The total bill for the bailout of the U.S. financial system is now widely estimated to be over $8 trillion-even by mainstream sources like Bloomberg.com.
This is not all in the form of the straight hand-outs that have got so much attention, which actually form only a small part of the total. (The larger part of it seems to come in the form of loan programs and guarantees.) Nonetheless, they hint at a potentially vast final bill, and even if they do not, the sheer largeness of the sums is enough to give one pause.
For the sake of comparison, keep in mind that the country's defense bill for the years 1941-1946-essentially, what it cost to fight World War II-was a comparatively paltry $3.75 trillion in inflation-adjusted dollars.
Of course, even when adjusted for inflation, the fact remains that the U.S. economy today (at least going by official GDP figures) is about 9-10 times the size of the U.S. economy in 1940, so one could argue that proportionally the effort is smaller.
Nonetheless, this remains a very substantial commitment indeed, with few parallels in American history, and I have to admit that when I was thinking about whether or not the country really could handle the kind of economic strain that the Second World War imposed on the country (a line of speculation which drove me to write this article, which ran in the quarterly of the U.S. Army War College in 2004, a more developed version of which argument you can find in this newish piece, here on my site for the first time ever), it never occurred to me that the challenge would take this precise shape-even if I have long shared the worries of many dubious about the idea that trade deficits can be run forever without consequence, that it is a good idea to treat your house like an ATM, that any of what is regarded as the conventional wisdom (so conventional, so rarely wise) made the least bit of sense.
In writing that article back in 2003-4, I didn't pretend to have a hard and fast answer about how much strain the economy could take, much to the irritation of a rather smug, snide and amazingly repetitive business professor who didn't let missing the point of my article (that public finances were rather more constrained than in the World War II era, and that we could not count on the kind of post-war growth surge which proved essential to keeping the U.S. afloat despite the war debt, and the expenses of the subsequent Cold War) keep him from shooting his mouth off on a message board.
I don't pretend to have an answer now, and for that matter I'm not sure I know of anyone else who can give one.
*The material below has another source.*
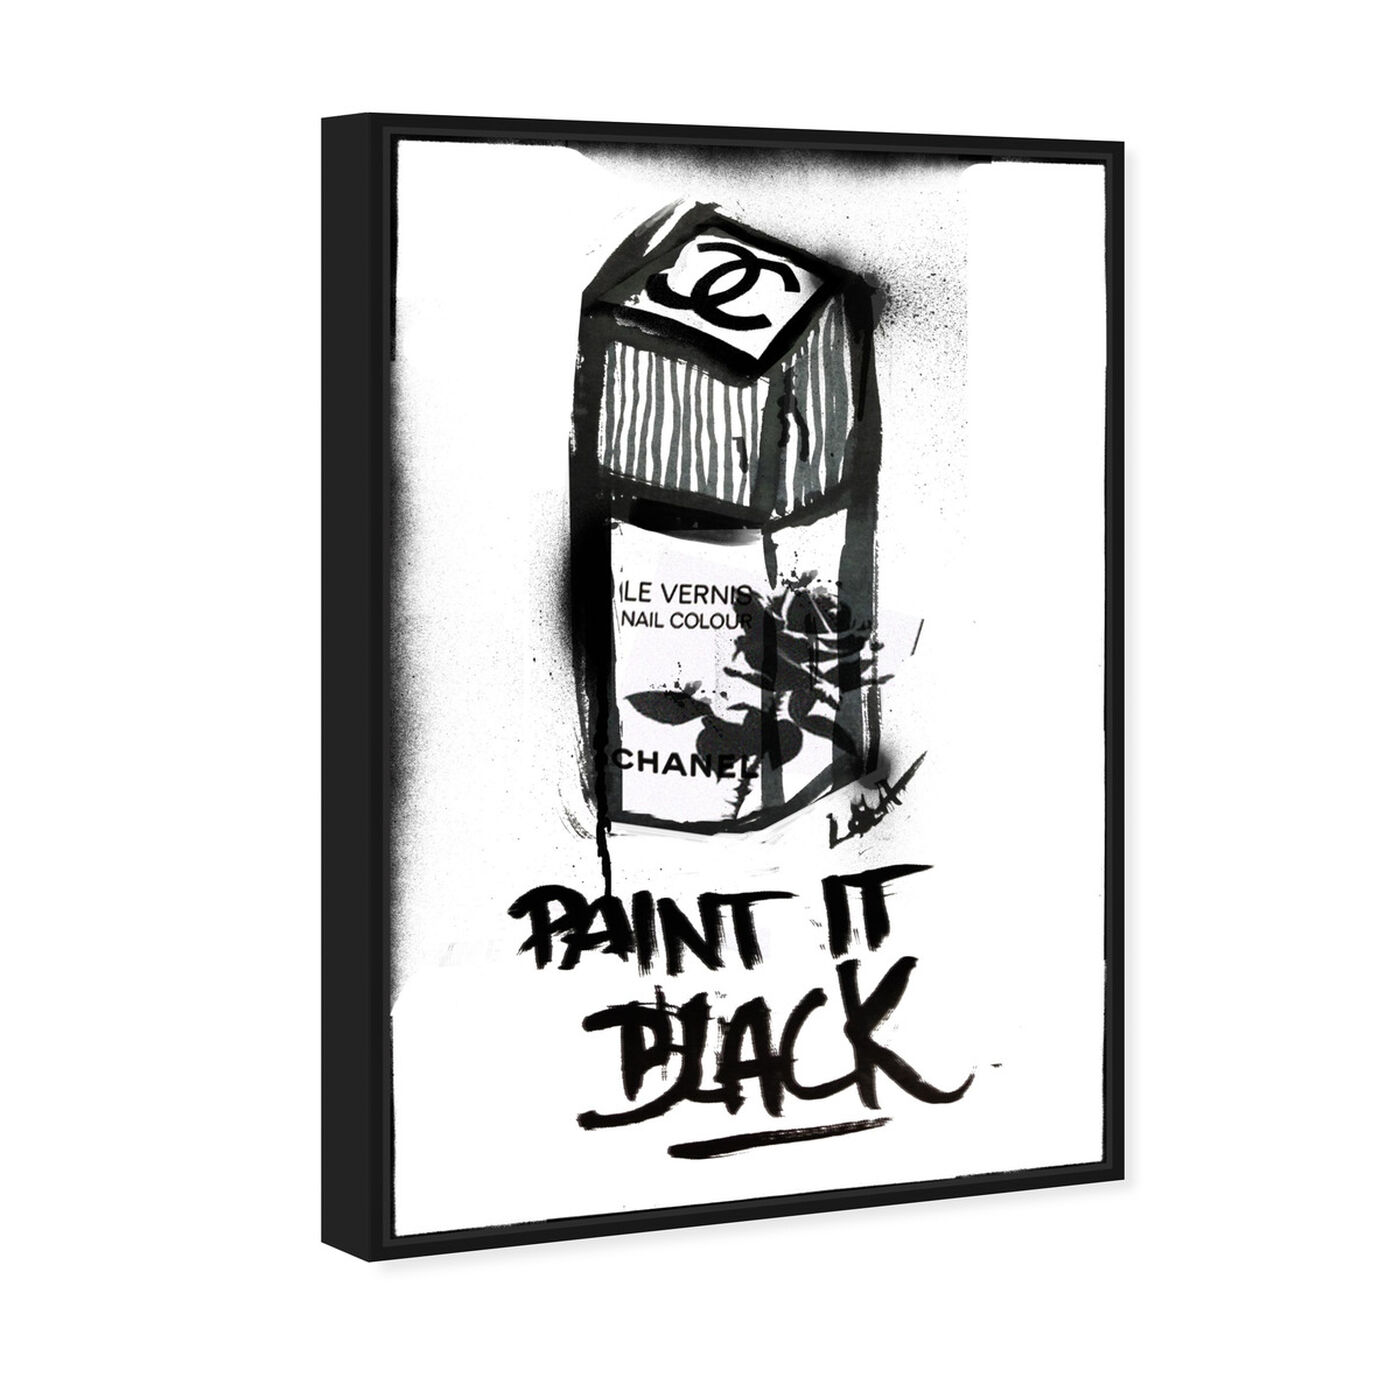 Angled view of Paint it Black featuring fashion and glam and nail polish art.

But where earlier I was astonished by how little people seemed to realize this isn't just another bit of "this quarter" news, by how the enormity of such numbers was failing to get through the short-termist superficiality prevailing in business journalism, I am now astonished to see the "D" word everyone usually steers clear of (they just say "worst [fill in the blank] since the 1930s") making appearances in the mainstream media, not least in this piece in the Los Angeles Times-penned by a Clinton-era deputy assistant secretary of the Treasury and professed neoliberal no less, one J. Brad DeLong-who incidentally finds himself recommending an old-fashioned Keynesian stimulus package.
Nor does it stop here. American coverage of the crisis is parochial as ever, but this is a global problem, and similar action is being taken around the world. Britain, too, has seen a nearly trillion-dollar bailout (relative to the size of its economy, almost as big as the one the U.S. is now seeing), just one country in Europe to do so, Germany engaging in a large venture of similar type, and the EU's finance ministers are now talking about a $250 billion stimulus plan, while Canada's opposing parties are proposing a similar measure. (Nor is the trend confined to the developed world. China is now poised to deliver a $600 billion stimulus to its own economy. India, more constrained by giant deficits, may follow suit in a more modest way.)
Earlier this year I saw an article by Ian Bremmer in the June issue of Survival titled "The Return of State Capitalism." My thought was that it was easy to make too much of the moves in this direction on the part of most of the relevant states. Russia and Venezuela, for instance, could do what they liked because of high oil prices, while China's size makes it exceptional, and in any case, the trend there has long been toward more open markets. Besides, this kind of movement historically, as Harold James wrote in The End of Globalization, depends on a clearly articulated, alternative idea taking hold (and appearing to operate successfully in) a major state (like Bolshevik Russia or Nazi Germany), and that certainly has not been the case to date.
Now I am beginning to wonder. While the American version of bailout looks like just another corporate giveaway Kevin Phillips charges in books like Wealth and Democracy and Bad Money has been routine since the 1980s (despite measures that look an awful lot like nationalization), the bailouts in Britain and Germany (while those countries remain ostensibly devoted to increased privatization) give government more control over the institutions in which they are investing. And some of the stimulus packages proposed or even underway outside the U.S. have a more classically Keynesian quality to them.
Are we seeing the beginning of a tectonic shift in economic thinking, the sidelining of the Thatcherism that has served the world so poorly in these last, anemic decades? Perhaps. But their end has been announced many a time before, each time prematurely, the latest round of free-market mania having proved its durability beyond every expectation. And sticking the major governments with so much debt can play right into the hands of advocates of "starve the beast" fiscal policy of the kind Thomas Frank described in his recent book The Wrecking Crew. Might the repeal of Social Security end up happening on Barack Obama's watch?
I hope not, but I wouldn't rule it out.